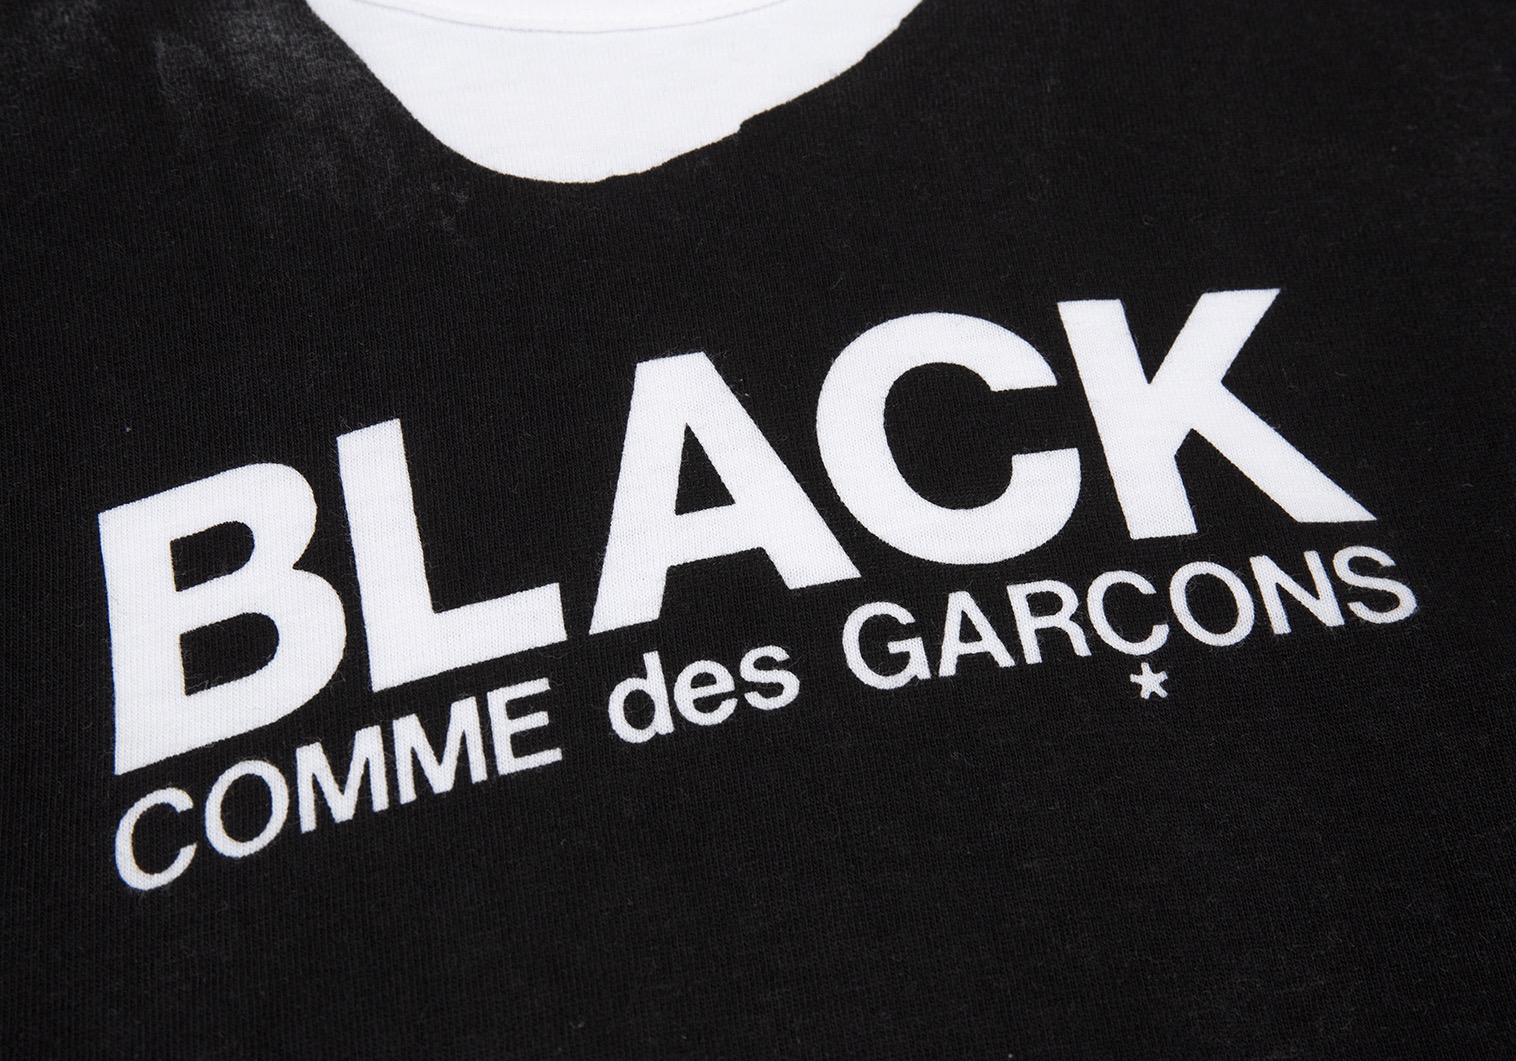 Tシャツ/カットソー(半袖/袖なし)COMME des GARCONS コムデギャルソン Tシャツ ロゴプリント クルーネック Tシャツ SZ-T013) CDG AD2018 ホワイト ブラック 白黒 M トップス カットソー 半袖 【メンズ】
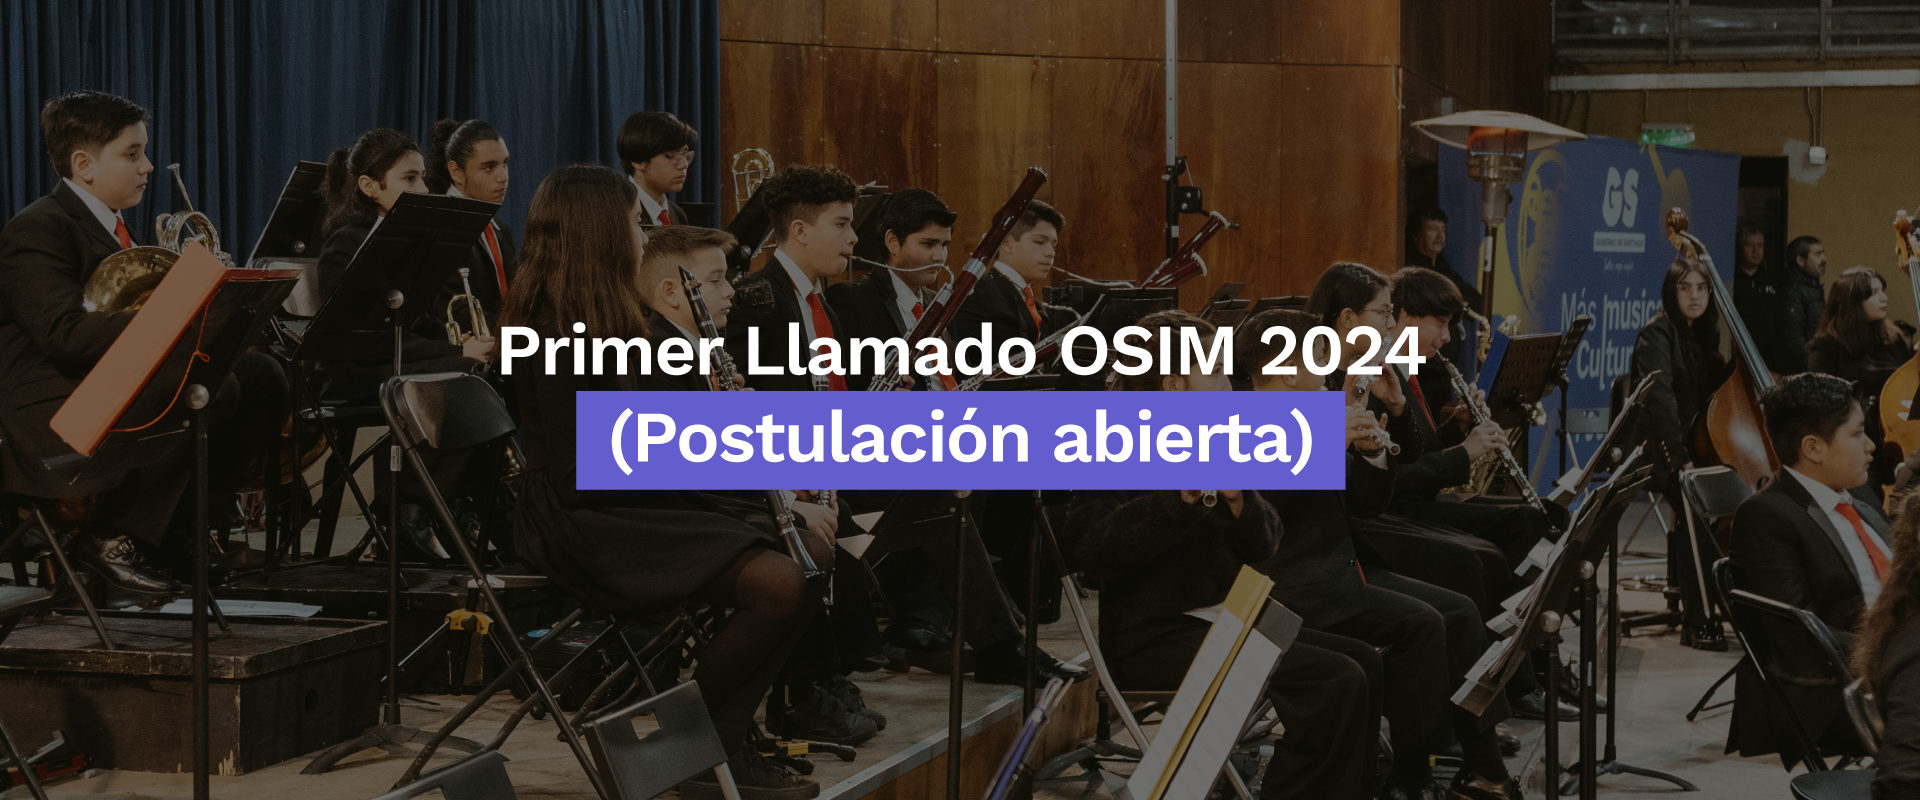 PRIMER LLAMADO OSIM 2024 (Postulaciones abiertas)
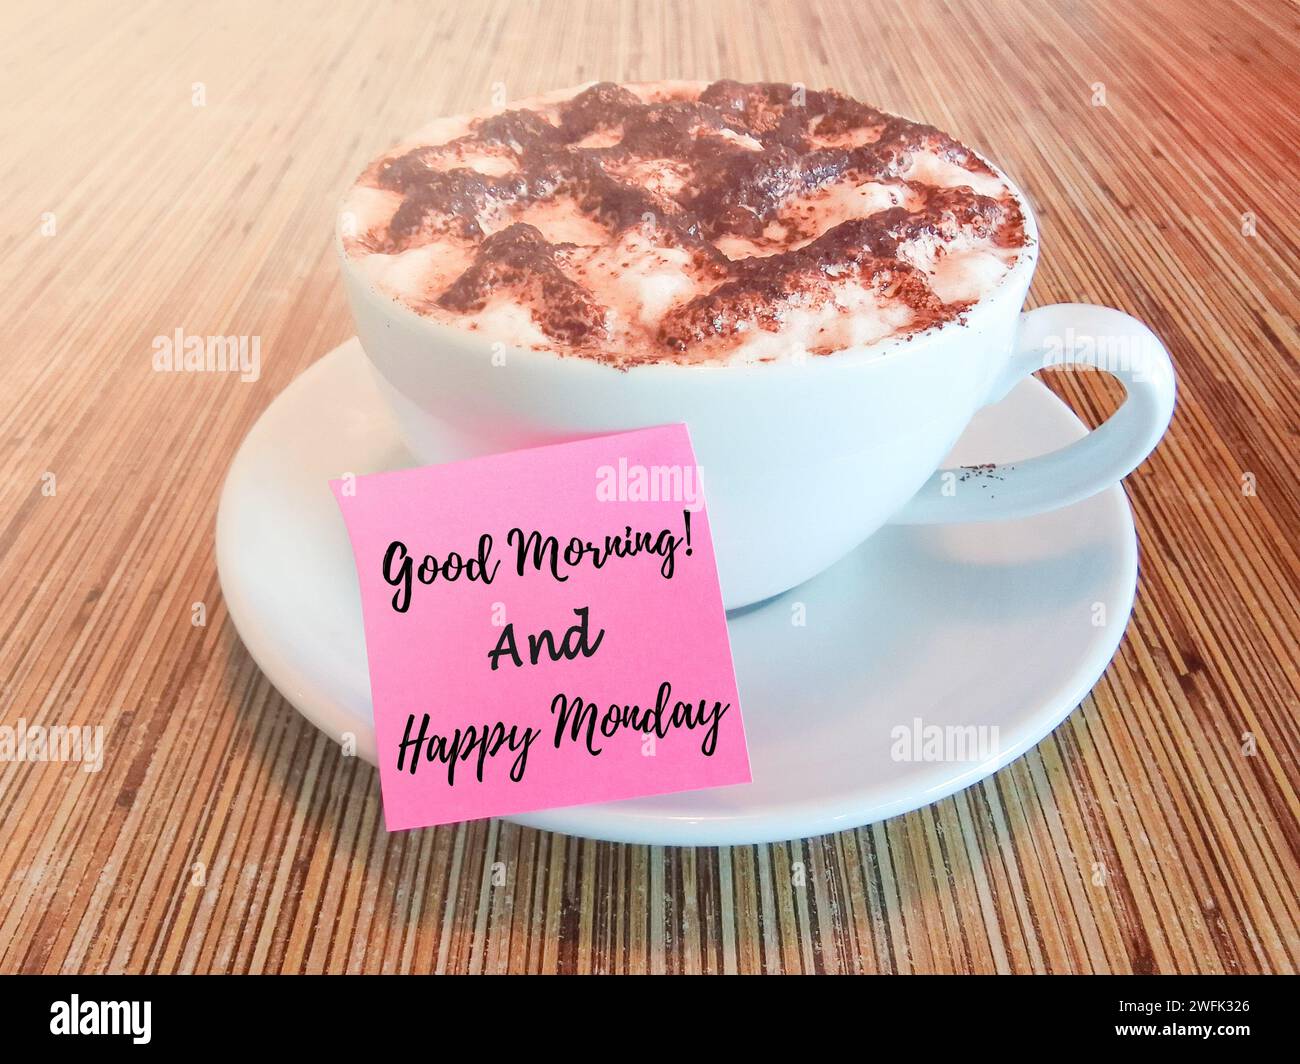 Guten Morgen und Happy monday Text geschrieben auf einem Haftnotiz mit heißer Schokolade auf einem Holztisch. Stockfoto
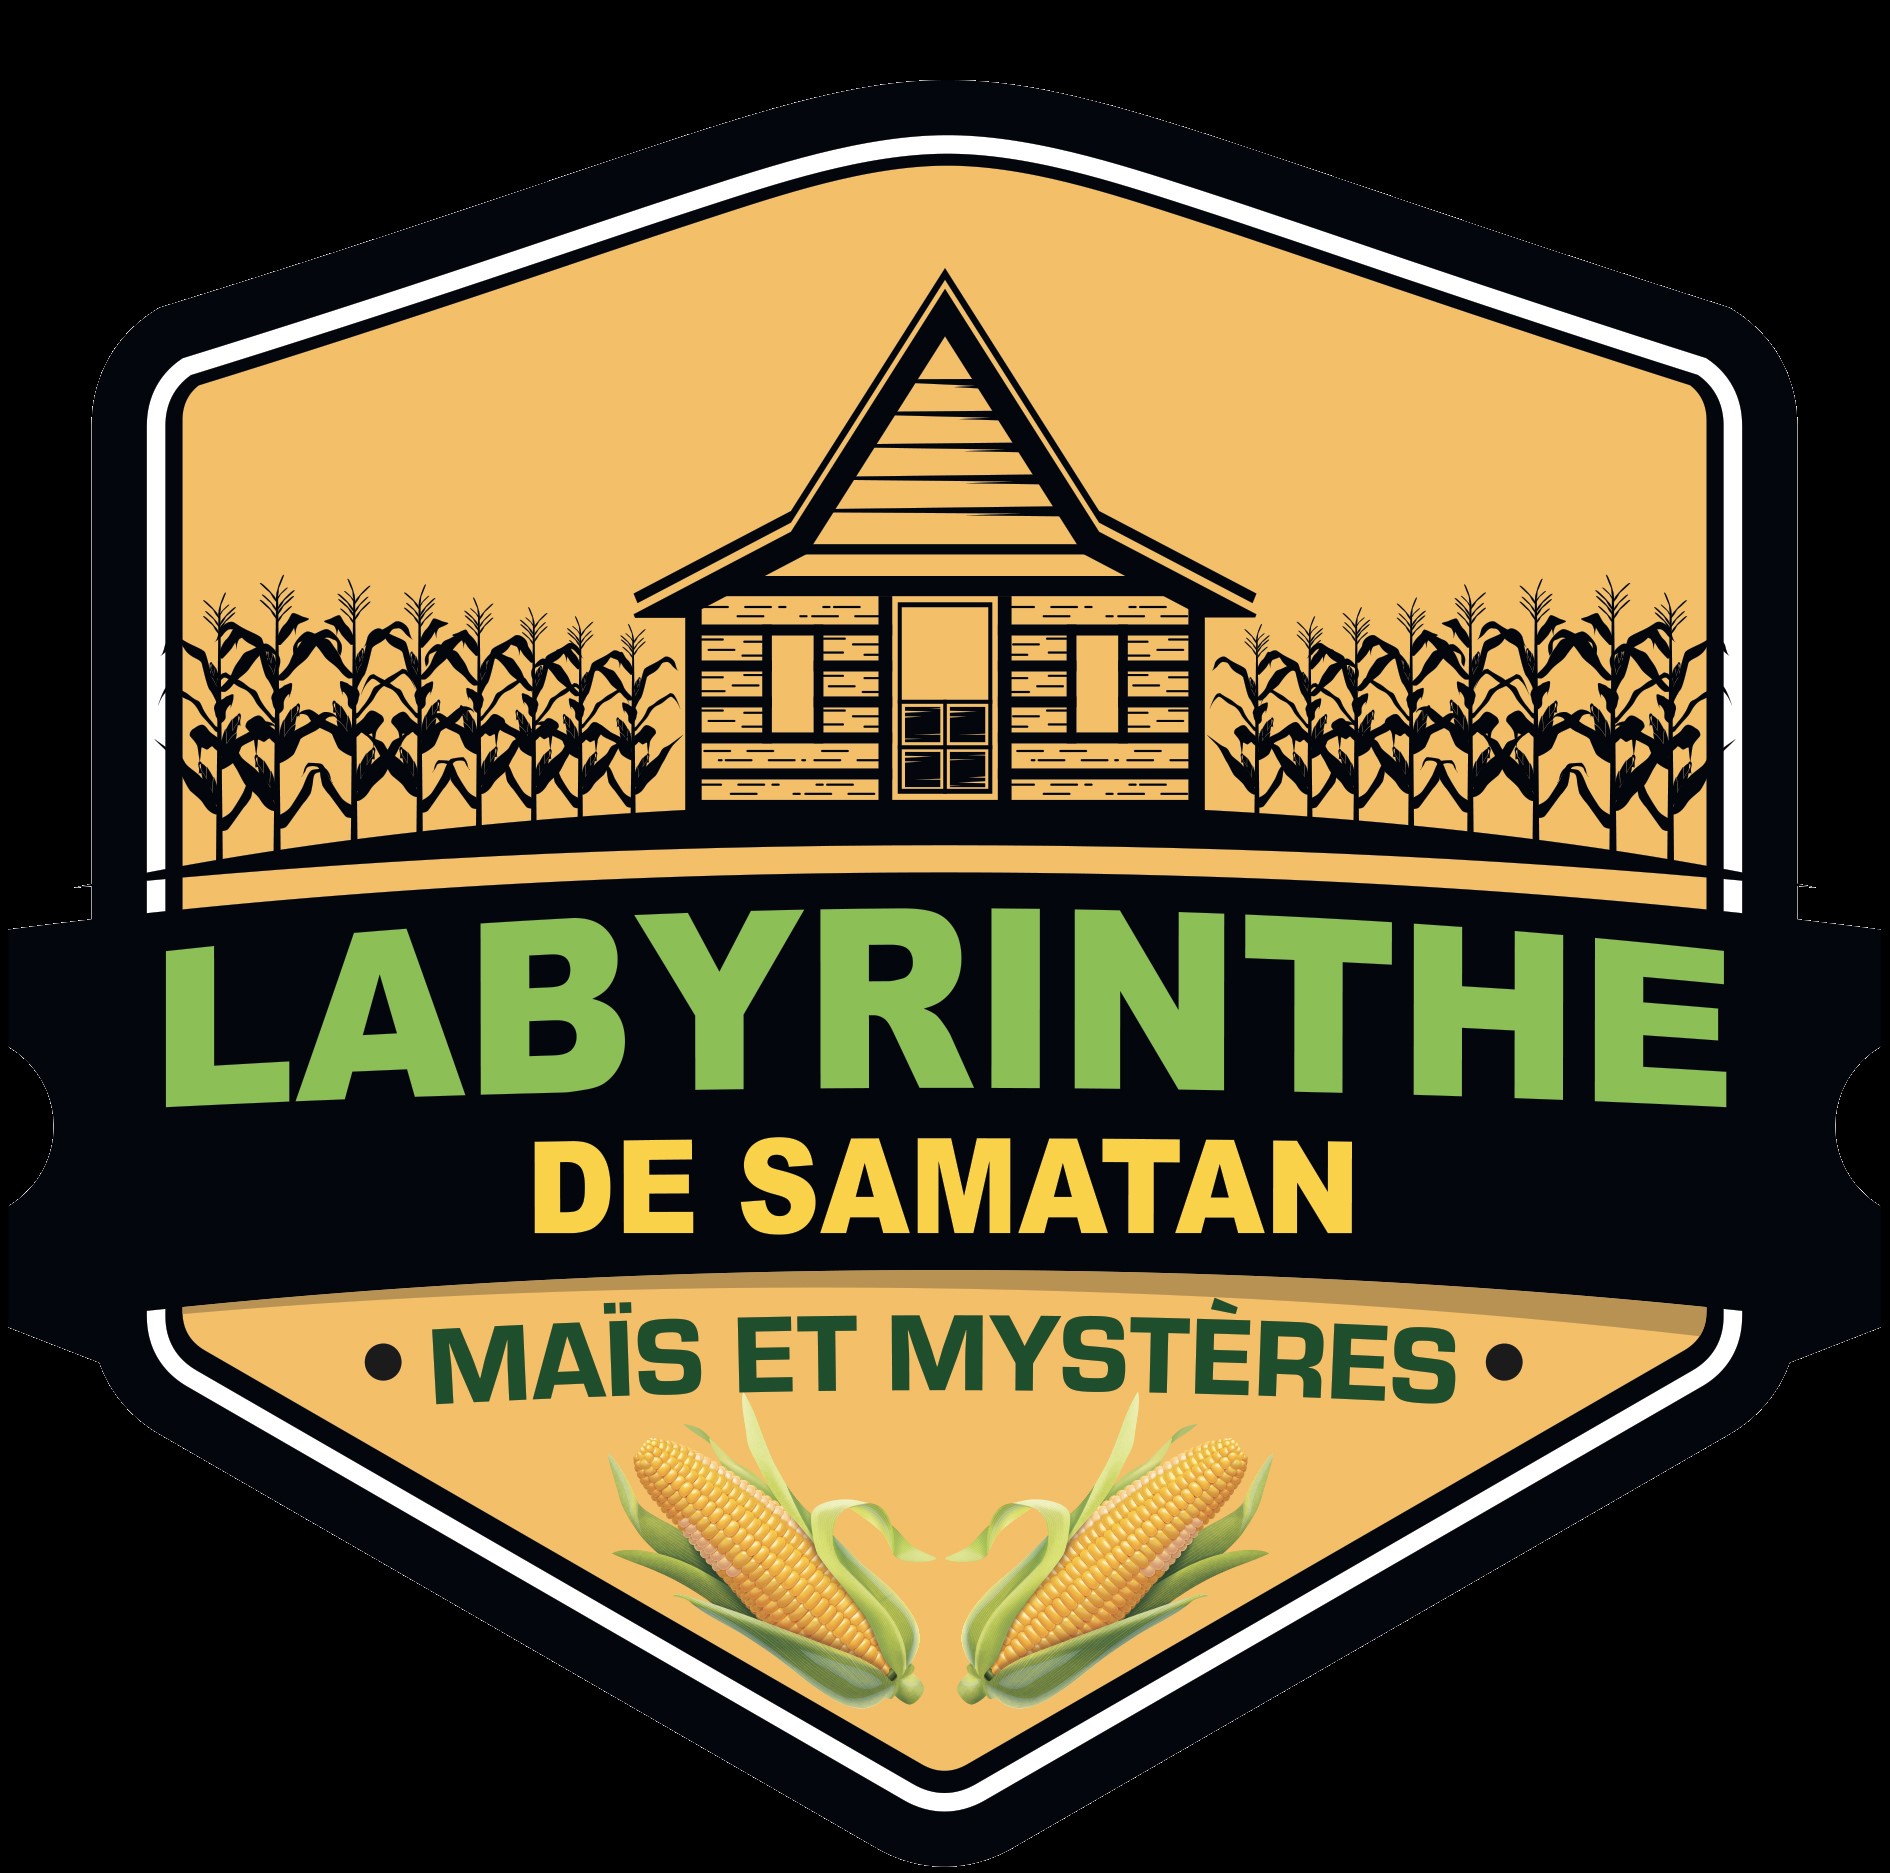 LABYRINTHE DE SAMATAN
-*-*-
Task brief: Write out exactly the lines running from the one with "PRIMER LLAMADO OSIM" through the end of the material, both ends included, while leaving the pictures out.

Response for this exercise:
 PRIMER LLAMADO OSIM 2024 (Postulaciones abiertas)
 Guten Morgen und Happy monday Text geschrieben auf einem Haftnotiz mit heißer Schokolade auf einem Holztisch. Stockfoto
 LABYRINTHE DE SAMATAN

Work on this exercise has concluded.